Action for damages under Dram-Shop Act. Error to the Muncipal Court of Chicago; the Hon. Habby Olson, Judge, presiding.

Heard in the Branch Appellate Court at the October term, 1908.

Affirmed.

Opinion filed February 15, 1910.

John J. Swenie, for plaintiffs in error; T. F. Monahan, of counsel.

*127Carl A. Ross, for defendant in error.

Mr. Justice Smith

delivered the opinion of the court.

Raphael DeHaven, a minor, by his next friend, recovered a judgment against Wiliam Tobin and David McHale, defendants, in the Municipal Court of Chicago for damages under section 9 of the Dram-Shop Act, for $908.33, which the defendants by this writ of error seek to reverse.

From the record it appears that the plaintiff, Raphael DeHaven, was born February 19, 1904, and that he lived with his father and mother and five brothers and sisters in Chicago until the action was brought on September 11,' 1907. During this same period the defendants, plaintiffs in error, conducted two saloons at 748 and 752 Ogden avenue, respectively, about two blocks from plaintiff’s residence. The action was brought originally against four defendants. On the first trial a verdict of not guilty was returned as to two of the defendants, and a verdict of $600 was returned against plaintiffs in error. A new trial was granted as to the plaintiffs in error, and on the second trial the verdict and judgment under review resulted.
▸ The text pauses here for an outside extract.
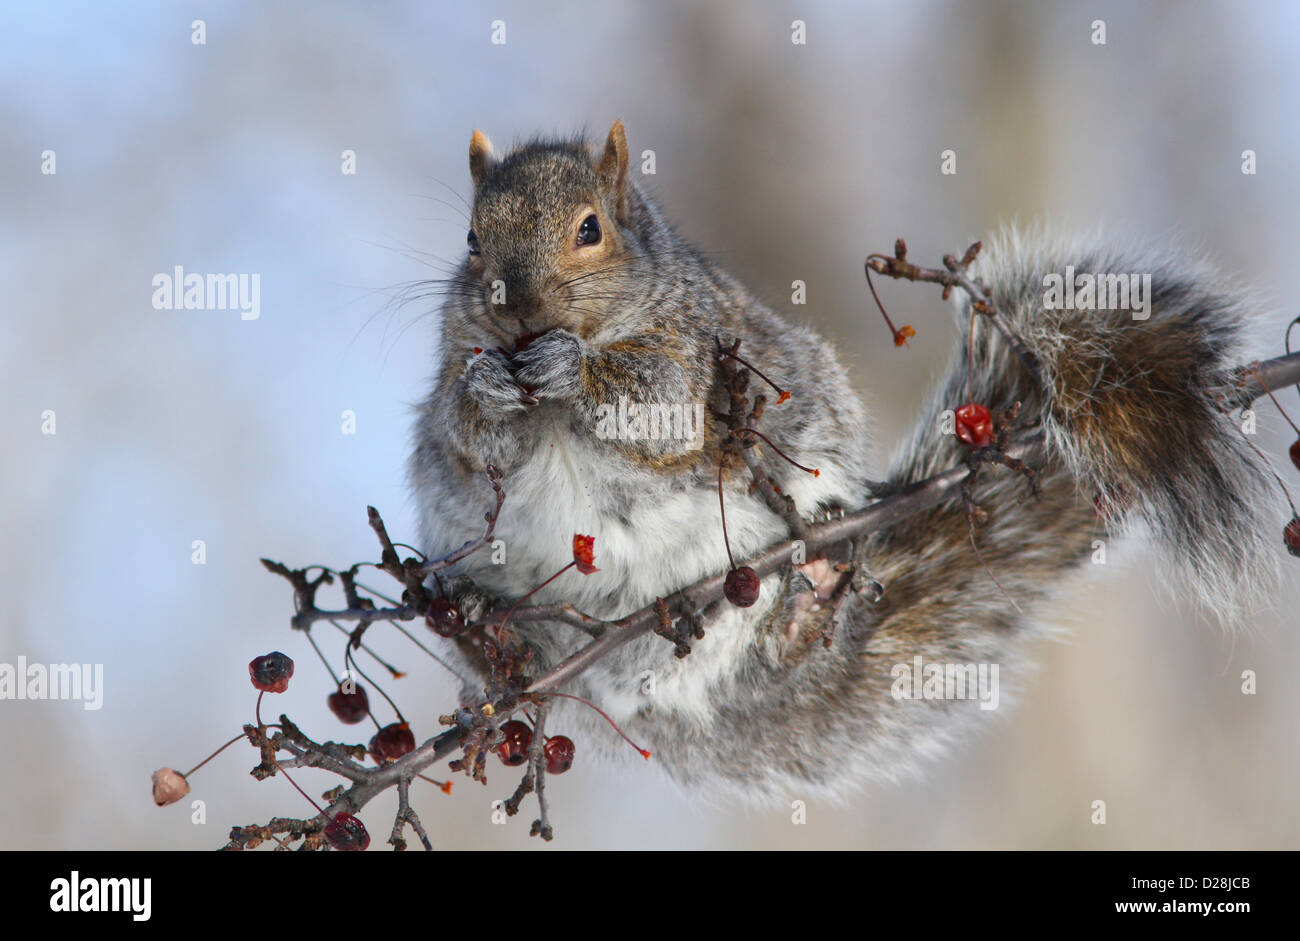 Grey squirrel (Sciurus carolinensis) eating fruits in winter - Stock Image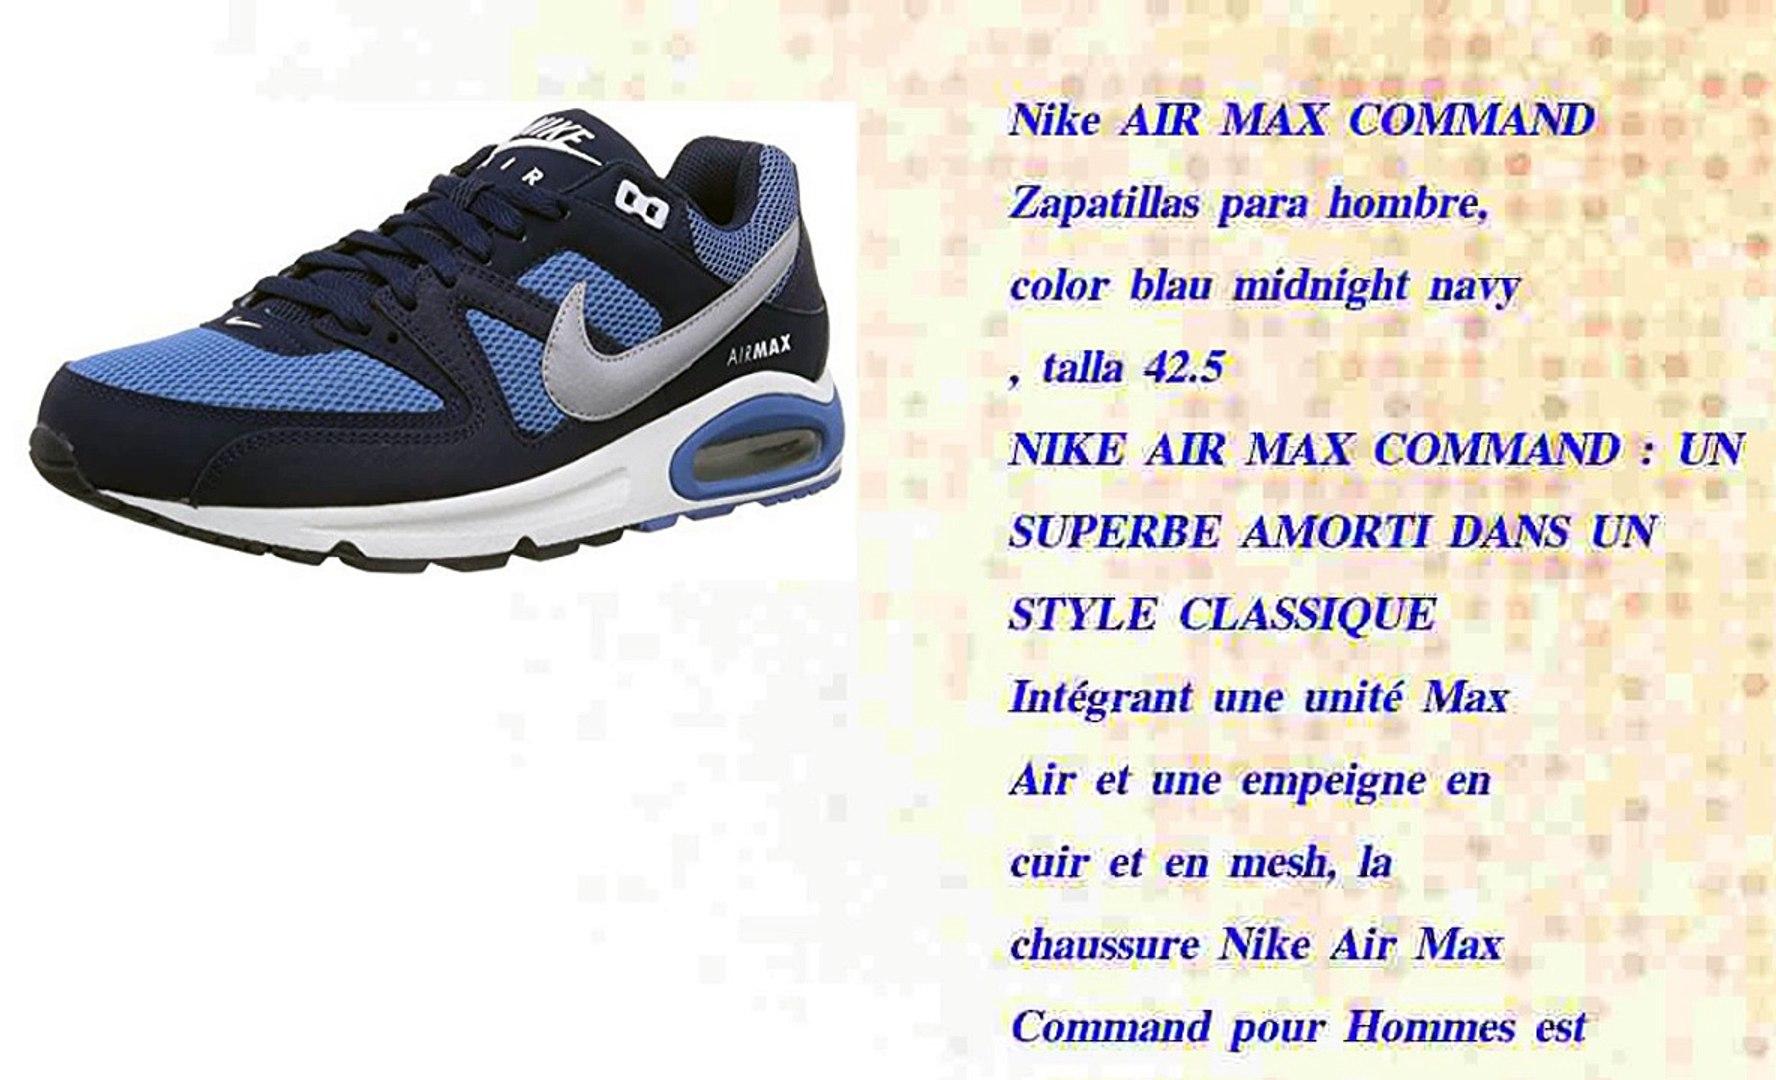 Nike AIR MAX COMMAND Zapatillas para hombre color

By the amended statement of claim filed before the second trial damages were claimed for injury to plaintiff’s person and means of support for three and one-half years through the intoxication of his father, Henry L. DeHaven, caused in whole or in part by intoxicating liquors sold or given to him by the defendants.

The evidence shows that Henry L. DeHaven, the father of the plaintiff, was a capable railroad switch-man during the period covered by the statement of claim, and that he earned in that employment, when he had a position with several railroads, a salary of $100 per month and sometimes more; that during that * period he habitually obtained intoxicating liquors at the saloons of the defendants, sometimes daily for a *128considerable time, and at other times three or four times a week. He was habitually drunk, and sometimes he was drunk on duty from liquor obtained' in whole or in part from the defendants. He was discharged from the service of several railroads because of his drinking habits, and was compelled to work at other employments at reduced rates of wages.

We think the evidence shows that the defendants knew that Henry L. DeHaven was an habitual drunkard when they sold or gave him intoxicating liquors, and that notices and warnings not to sell him liquors were given to both defendants, to which they gave no heed or attention.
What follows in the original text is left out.